Винни Кароселла был в синем блейзере с бабочкой в горошек. Он сказал мне, увидев шоколад Маделейн, что, насколько ему известно, один мой сосед отказался за меня поручиться. Затем он вручил мне бутылку шампанского со словами, что за нее он пришлет мне счет. Я отвела его в сторону и напомнила, что украла у Теодора пистолет, и поинтересовалась, не сможет ли он изъять документ об этом у полиции, как одно из условий нашего мирного соглашения. И пока он будет всем этим заниматься, не смог бы он забрать мою сумочку вместе с лежавшим в ней сапфировым кольцом у Джейн Бергер. «С вас — кусок торта», — ответил он.

Том Дрисколл провел большую часть вечера на телефоне, занимаясь своими делами, а затем ездил к прокурору для дачи показаний по поводу ужина, на котором он присутствовал вместе с Ричи и Стефани. Он немного поспал на кушетке в библиотеке. Я представила его как старого друга из Бруклина, который был клиентом Дейта Ассошиэйтед, но даже «Подозрительная» не поверила этой истории, впрочем, как и все остальные. Она метнула взгляд на его левую руку и показалась несколько смущенной и даже возмущенной, увидев на ней обручальное кольцо.

Алекс и Бен пополнили запасы провизии у хозяйки местного ресторана. Они беспечно предоставили ей карт-бланш — я же побледнела, когда увидела густую подливу из мелко нарезанных трюфелей на нарезанном кусочками мясе. Алекс сказал:

— Ма, успокойся. Это же праздник. А Бен добавил:

— Из того, что останется, мы наделаем сэндвичей. После мусса из тыквы я все еще рассказывала мою историю. Разумеется, секс я исключила. Я опустила также подробности отвратительных отношений между Ходжо и Томом, я забыла упомянуть о пистолете Теодора Хигби и об украденных Денни Ризом кредитных карточках. А потом, поскольку приглашенный официант хотел все убрать и уйти домой, я предложила всем перейти в библиотеку выпить кофе.

Винни Кароселла был душой компании. Он разливал бренди, попивая мелкими глотками кофе, и сыпал вопросами с таким апломбом, что можно было поклясться, что невидимая команда телевизионщиков из «60 минут» ведет видеозапись.

— Она совершенно забыла, что квитанция на продажу находится у нее в кармане, — объяснял он. — У нее не было никаких оснований стирать или чистить это.

— Почему она забрала это в первую очередь? — спросил Бен.

— Но она же юрист, — ответил Винни. — Она должна была понять ее ценность с самого начала. Может, твой отец сказал ей, зачем пришел. Или она вычислила это сама: если уж он забрался в дом, то уж не затем, чтобы стащить кусок какой-нибудь старой бумажки. А эта была очень важной.

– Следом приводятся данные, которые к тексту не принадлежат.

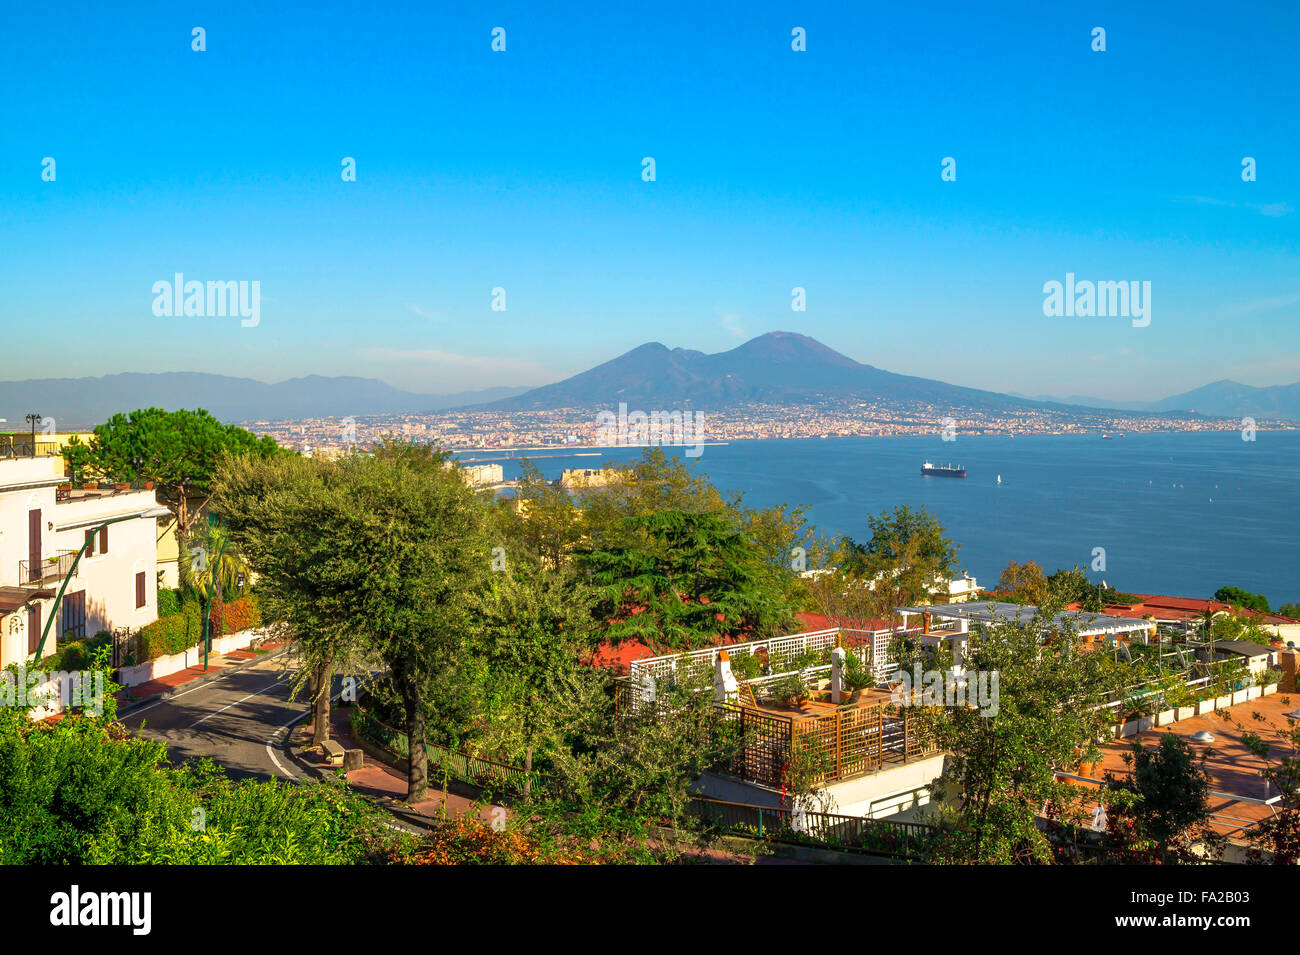 Panorama of Naples City and Vesuvius Volcano seen from Belvedere Antonio Iannello. - Stock Image

— Но и цена картины тоже была значительной, — заметил Том. — Возможно, она поняла, что это та часть имущества, которую он хотел скрыть. Если она была умная, как отмечали все знавшие ее, она вычислила, что Рик хочет продать это. Возможно, Стефани думала, что, если картина находится у Джессики, то вдвоем они смогут провернуть хорошенькое дельце.

— Стефани никогда не умела выражать свои мысли, — сказала Маделейн.

— Но мыслила великолепно! — возразил Винни, улыбнувшись ей. — И она знала, что пятьдесят процентов от трех миллионов — очень приличная сумма. Но интуиция мне подсказывает, что она осознала, насколько все это было рискованным.

Том кивком головы подтвердил свое согласие.

— Но как же она могла забыть о том, что лежало у нее в кармане? — спросил Теодор.

— Ей пришлось слишком много всего держать в голове, — ответила Касс. — И она просто отказалась от идеи получить прибыль сразу же — у нее не было в этом нужды.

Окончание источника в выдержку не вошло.